# Which sounds to use



## Sblanck (Sep 13, 2007)

Morning all!

I was listening to different sounds and trying to decide what to use for this year.

I have two old recordings of lps from the 60's and 70's


















I also have some selections of Cities last broadcast and Kammarheit
I dont think the two mix.

which one would you choose?

Thanks


----------



## Fright Boy (Oct 1, 2014)

It really depends on the nature of your haunt. What are you going for? What does your haunt look like? What kind of props do you have in it?

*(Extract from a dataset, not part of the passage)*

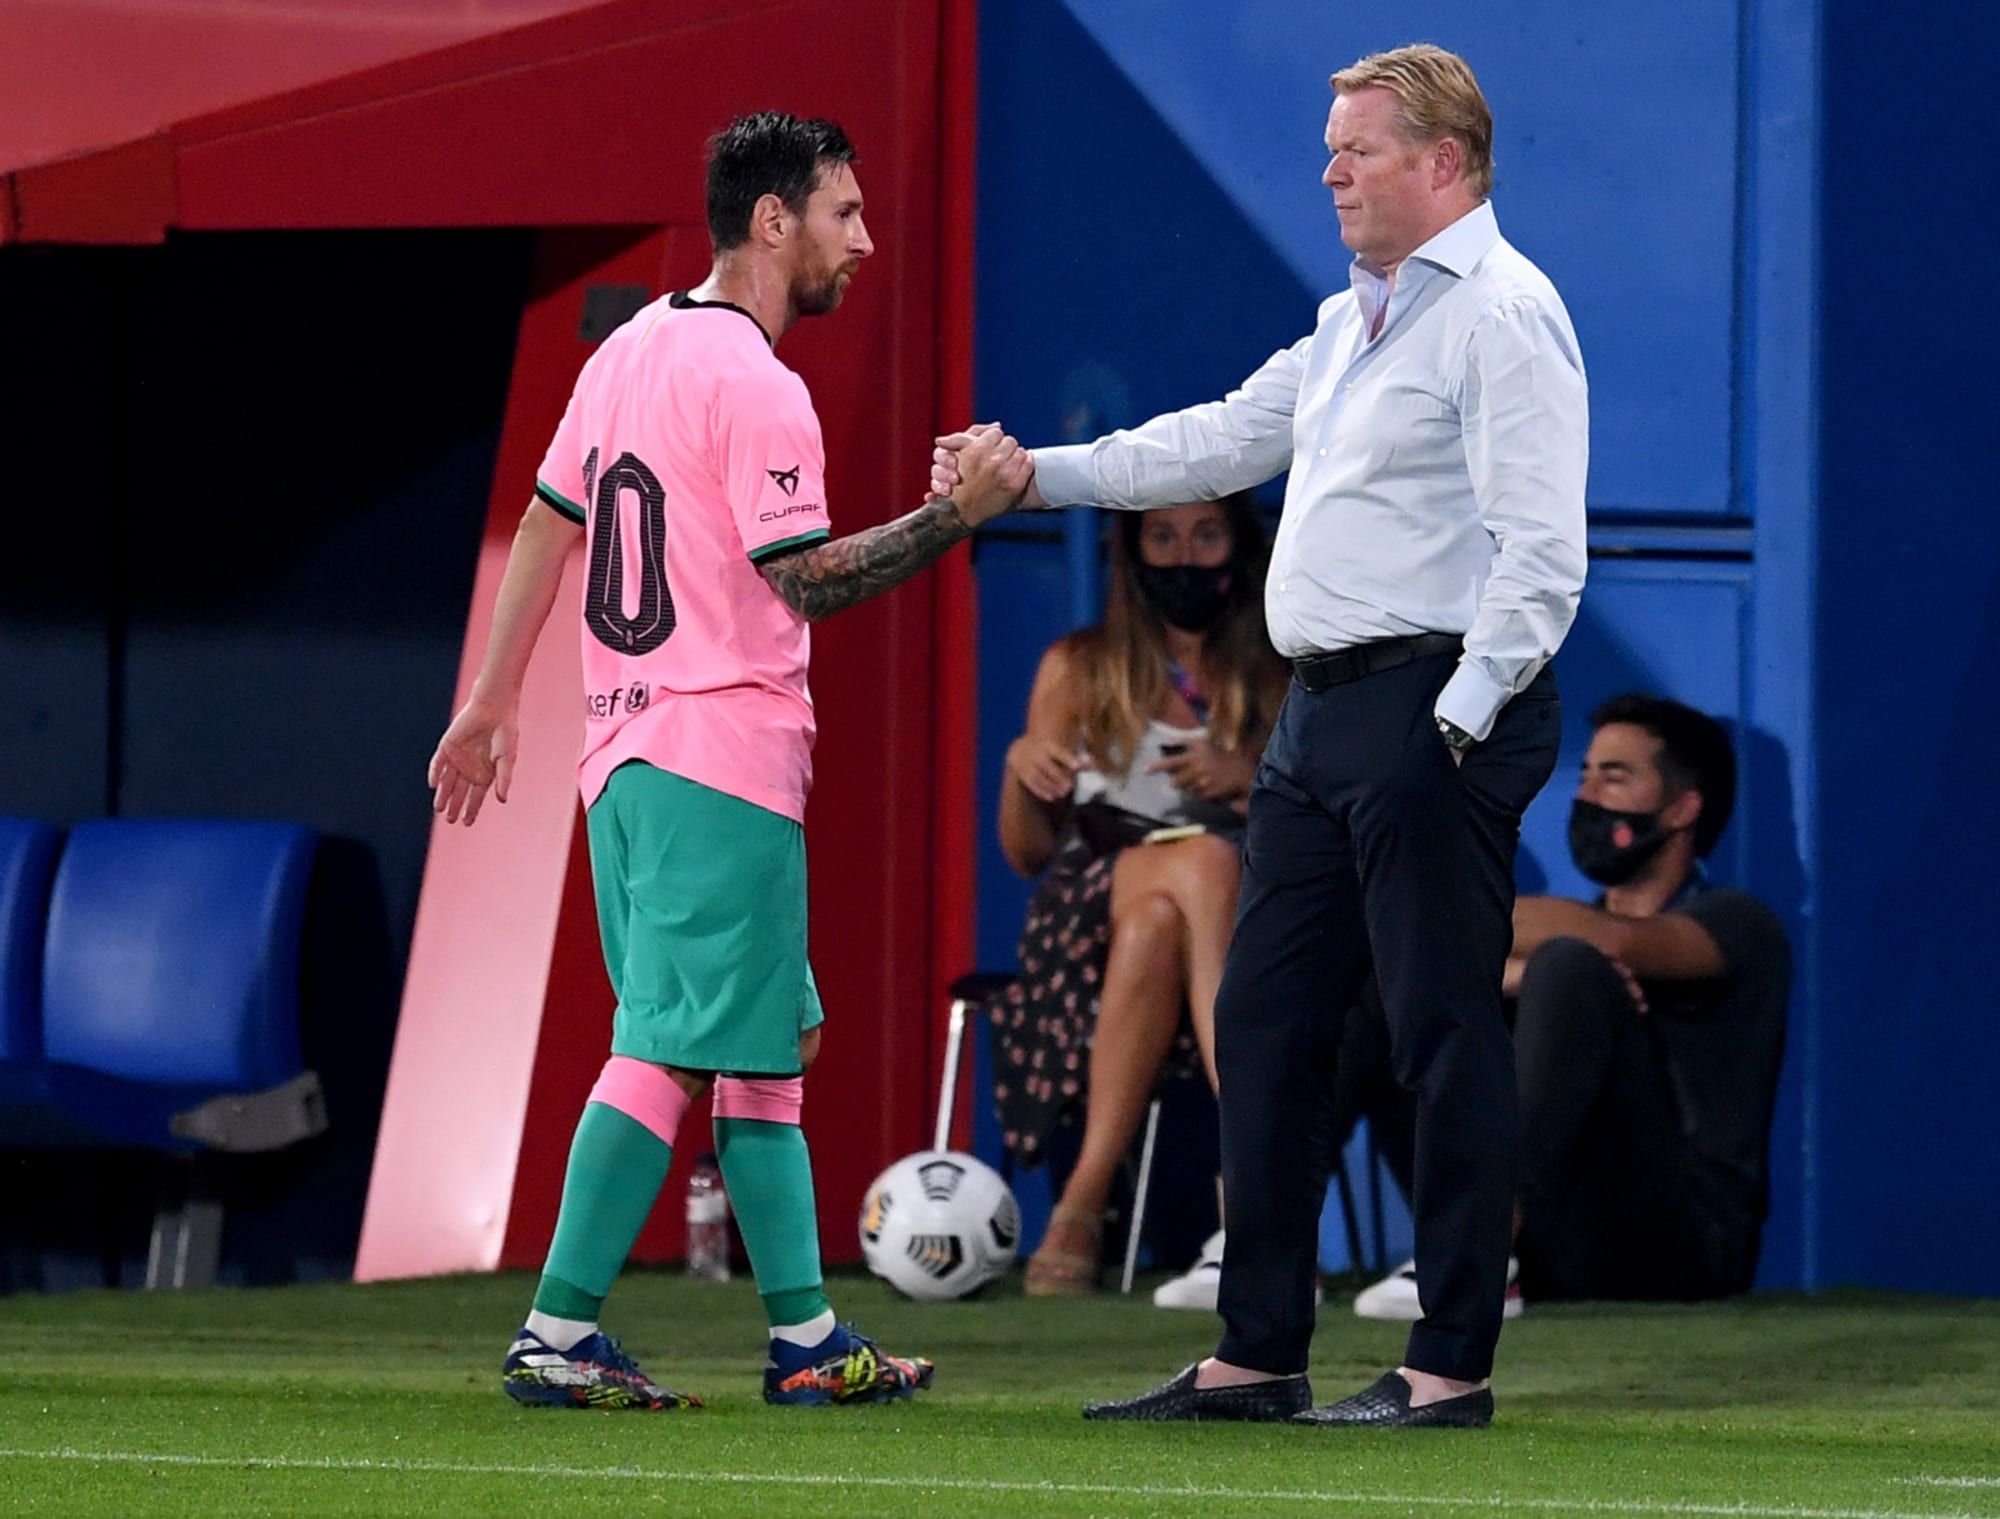 Koeman slams Quique Setien on his nasty opinion about Lionel Messi

Right now I am making custom audio for a haunter on here for a new scene for his haunt. It's got a Texas Chainsaw feel to it, so I am doing a mix with flies, a creaking door, an evil laugh, a fireplace, and water drips. Last year I did one for him for a witches candy house. I did a bubbling cauldron, witch cackles, fireplace, forest at night, etc.

Audio, like lights, plays a big role in a haunt. I find that most of the Tapes, CD's, LP's that you find are rather cheesy, that doesn't stop me from collecting them though, but I never use them in my haunt. If you want something that works well for a general haunt go with something from Midnight Syndicate or Nox Arcana. Both produce high quality music and are used in professional haunts. 
For Midnight Syndicate I like The 13th Hour. https://www.youtube.com/results?search_query=midnight+syndicate+
But you can check out for yourself and find one that works best for you. You might be able to find them at a local record store or a party store. Or Digital Download.


----------



## Sblanck (Sep 13, 2007)

Thanks Fright Boy


----------



## Malaki (Sep 25, 2015)

Thank you Fright Boy that link will prove very useful!!


----------



## highbury (Nov 5, 2009)

I'm a huge fan of dark ambient, so my vote is for Kammarheit! But like Fright Boy said, it's what ever best supports your haunt theme. I used to use novelty Halloween sound effects, but my haunt went a little bit darker and more realistic, so the dark ambient audio works perfect for me.


----------



## Sblanck (Sep 13, 2007)

I love Kammarheit and Cities last broadcast. I was using it one year and this kid said "mommy why aren't we going to that house?" Mom "its too scary"


----------



## Fright Boy (Oct 1, 2014)

Sblanck said:


> "mommy why aren't we going to that house?" Mom "its too scary"


Well that kid will grow up to resent his mother for depriving him of the extra candy he would have gotten at your house. Here's to you Mom :finger:


----------